-- Dataset records follows --

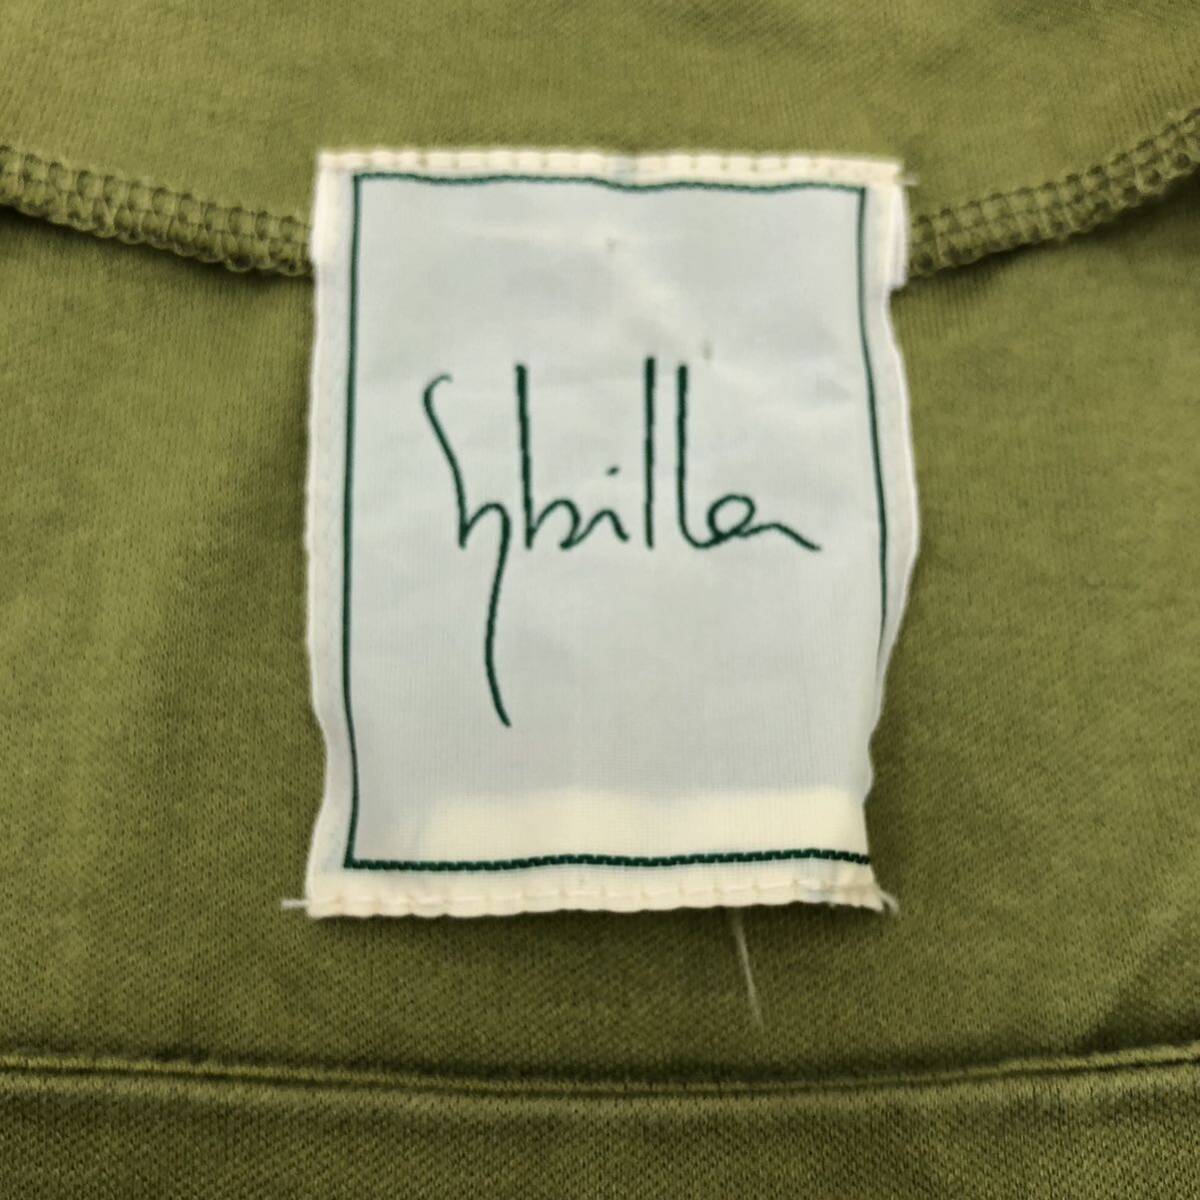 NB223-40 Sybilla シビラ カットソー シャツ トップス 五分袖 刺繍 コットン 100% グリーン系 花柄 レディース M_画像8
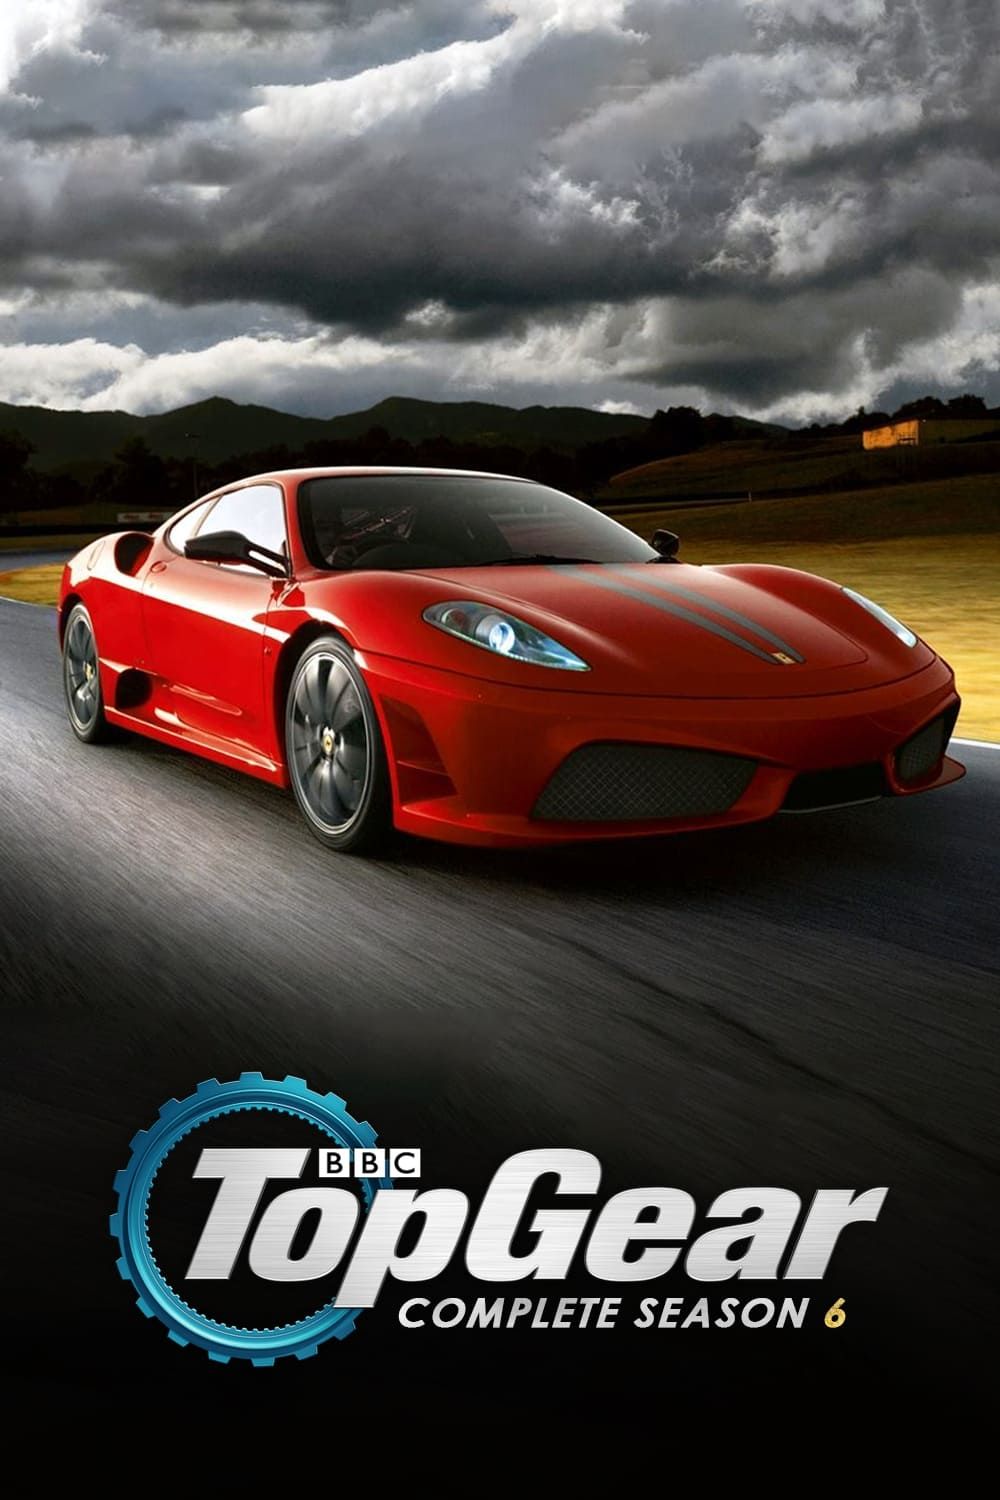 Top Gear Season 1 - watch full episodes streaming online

-- Dataset records concluded --
-- Dataset records follows --

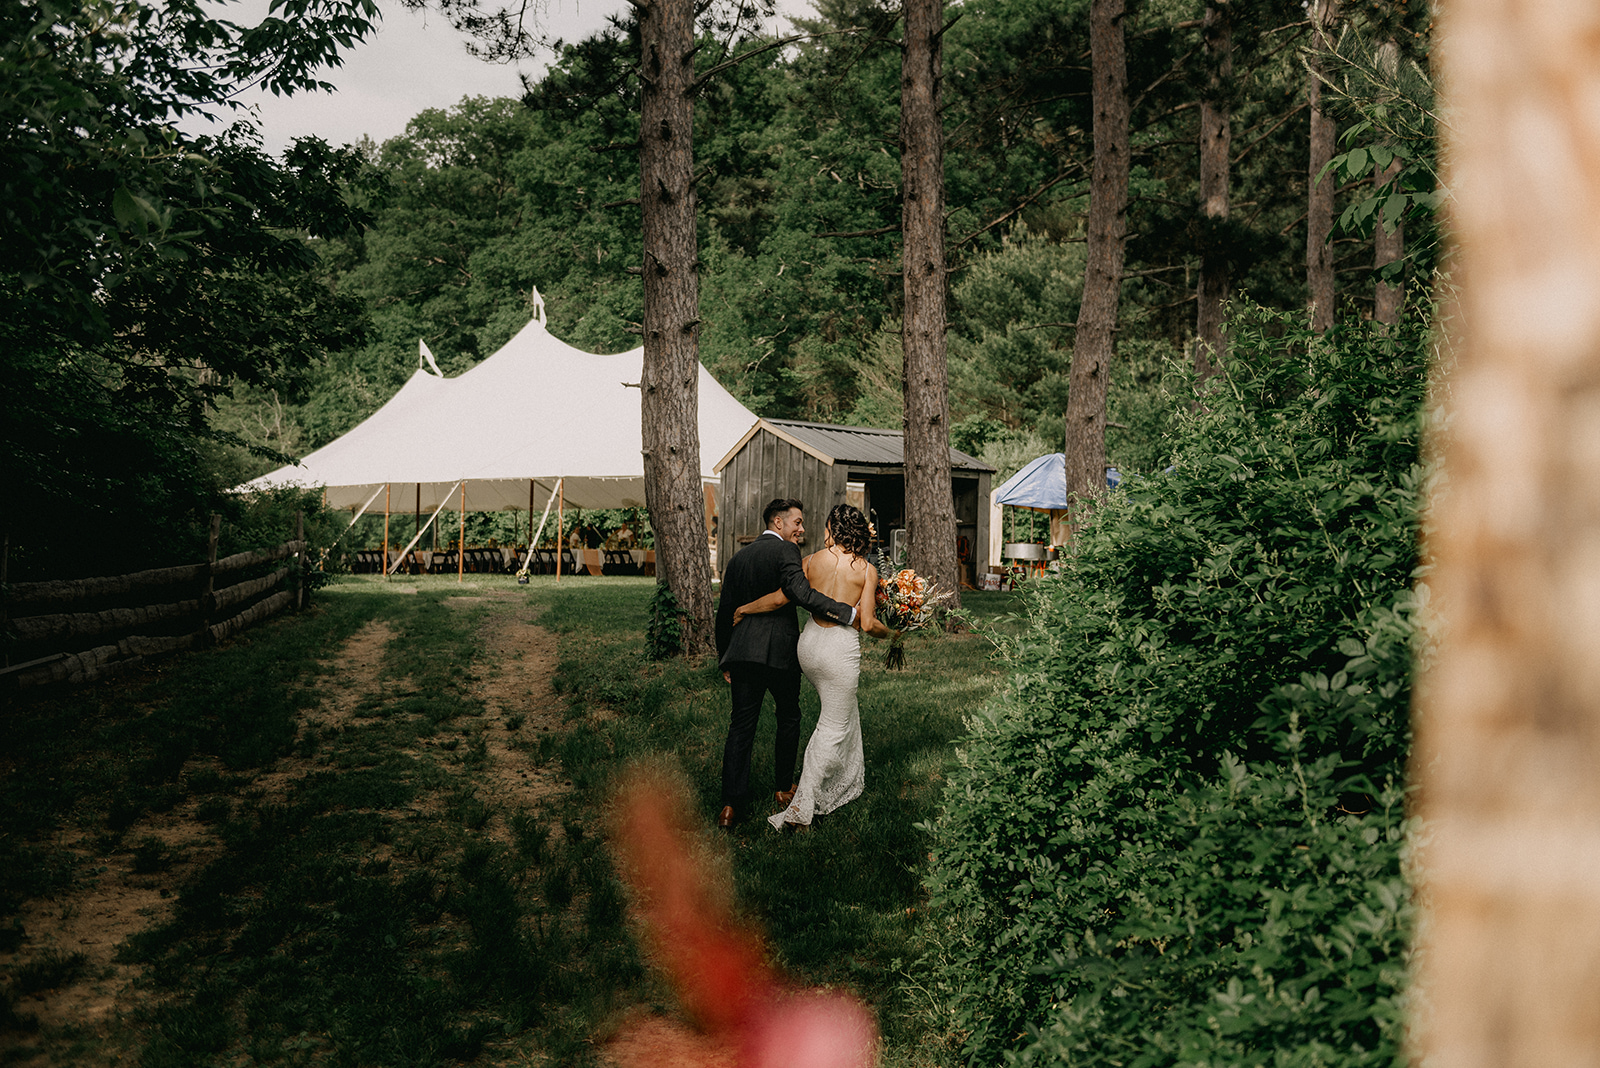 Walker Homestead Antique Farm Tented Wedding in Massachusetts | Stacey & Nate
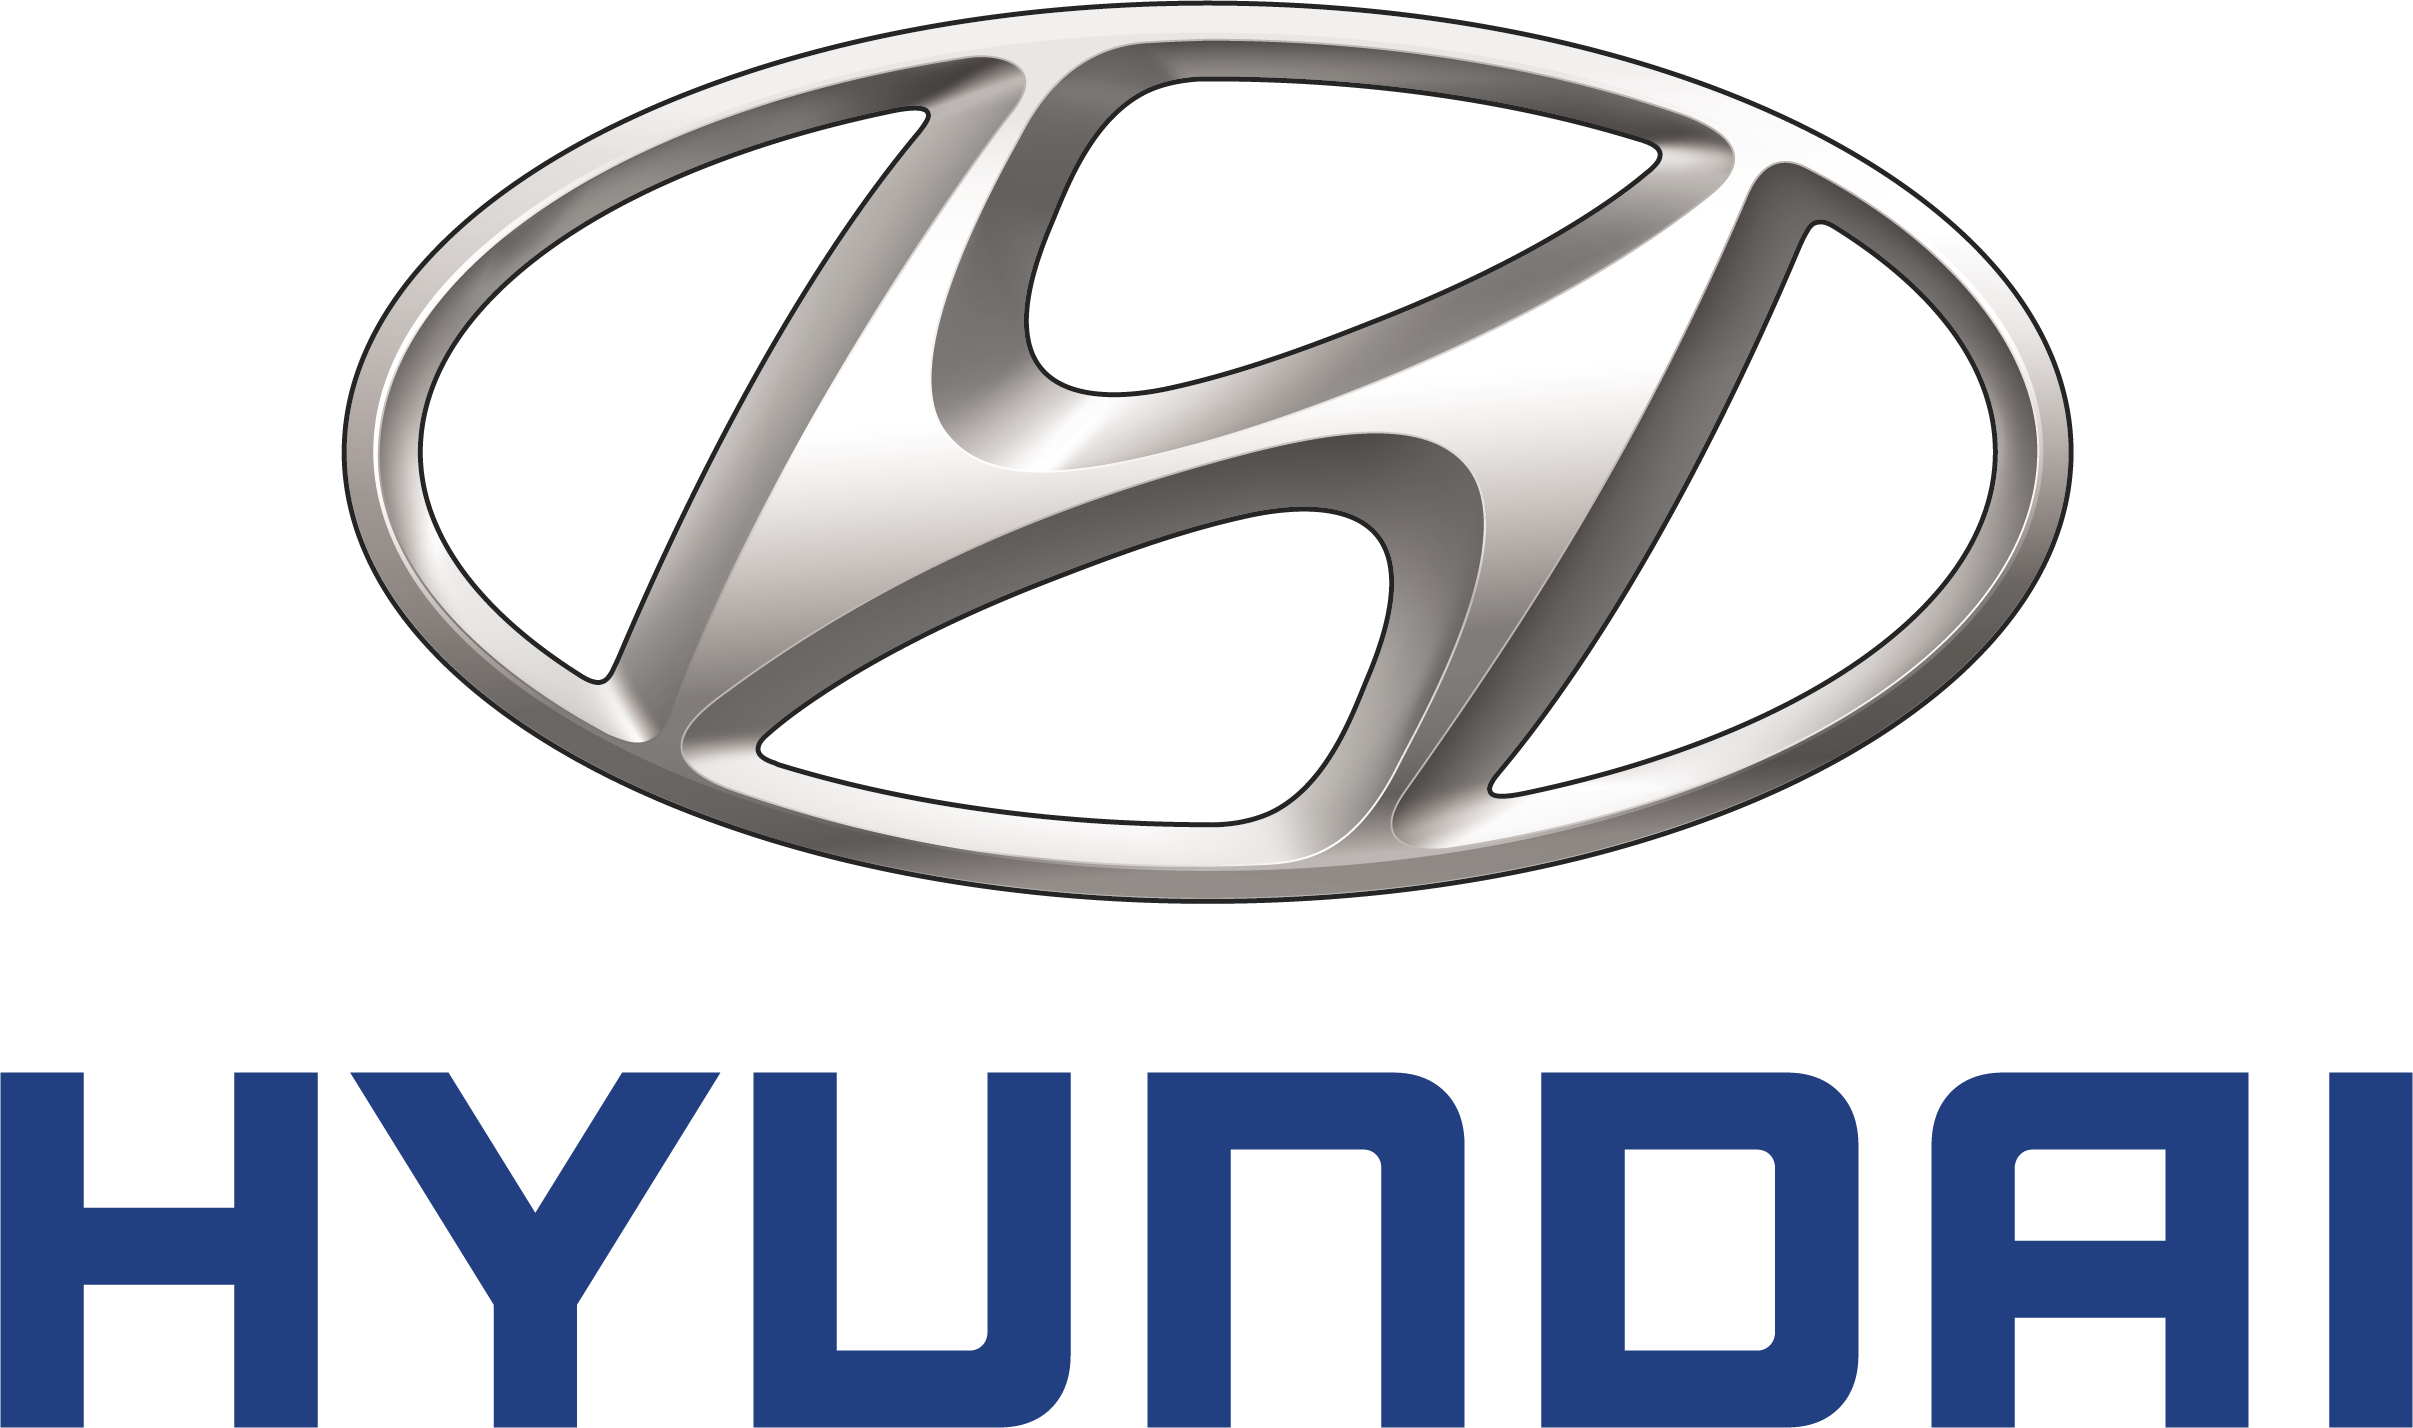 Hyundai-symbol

-- Dataset records concluded --

# Brief
Copy only this from above: the line containing "Walker Homestead Antique", the line containing "Hyundai-symbol", and all lines between, printed exactly. Leave out the pictures.

# Answer to this problem
 Walker Homestead Antique Farm Tented Wedding in Massachusetts | Stacey & Nate
 Hyundai-symbol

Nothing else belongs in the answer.